CELINA - Farrah Evans was shocked when she walked into work at Walmart last week and found her layaway account had been paid off.
Evans, 31, works two jobs and knew that paying the more than $100 she had pending on the presents for her two children would put a crunch on her hopes of buying them clothes.
"Someone was so good to us," Evans said. "It made me cry."
Evans, a single mother who also takes care of her disabled parents, works at Walmart and Visions Manufacturing Group, both in Celina.
"It was just a wonderful surprise," Evans said. "I couldn't believe it."
Joyce Kremer, layaway manager at the store, said a great many customers are completely shocked when they walk in just before Christmas and find out others have paid their layaway bills.
"One gentleman came in and gave $5,300 for the layaways," Kremer said. "A lady came in and gave $200. We split the money up so a lot of our customers get their presents paid off or down quite a bit."

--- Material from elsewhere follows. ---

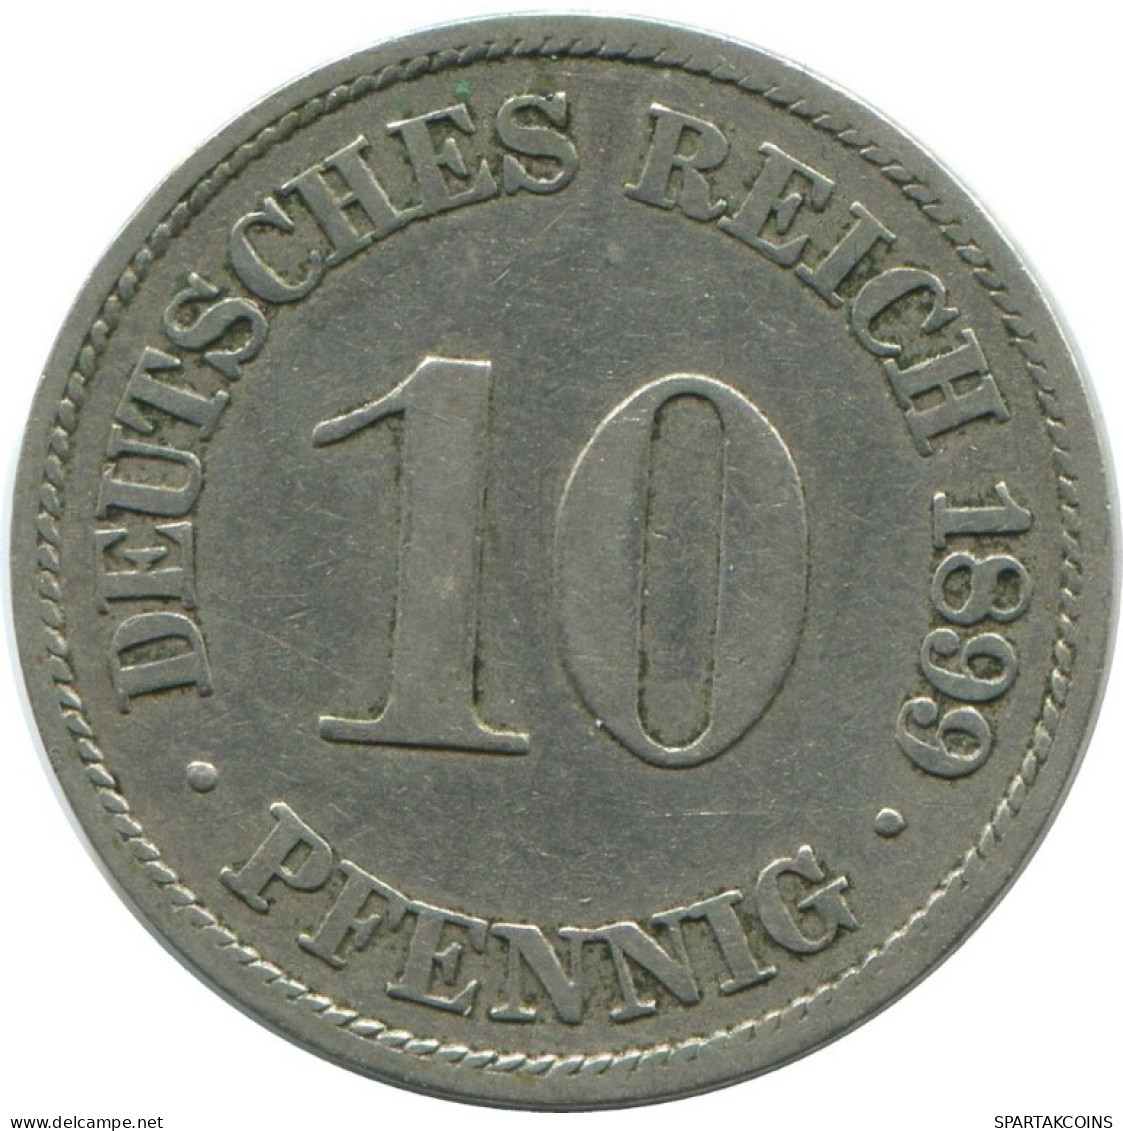 10 PFENNIG 1899 A GERMANY Coin #AE522.U.A - 10 Pfennig

Evans had mostly toys in her layaway, she said.
"We're not allowed to put clothes or shoes or things like that," Evans said. "So I had picked out the things they had asked for when they talked to Santa Claus."
So under the tree on Christmas morning will be radio controlled cars, board games, Wii video games and a couple of digital cameras for Evans' children, 8-year-old Havin Montague and 6-year-old Elon Montague.
"This is so nice of someone," Evans said, as tears formed in her eyes. "I work about 12 hours a day and this just helps so much. You don't want your kids to wish they have things other kids have. You don't ever want your kids to go without."
Kremer said a few hundred customers were helped by the "secret Santas" this year.
"It's amazing," Kremer said. "What a lot of the customers do is pay it forward. When they learn their stuff has been paid off, they in turn put money down on someone else's. It's pretty neat how good people are to each other. I think that's the Christmas spirit."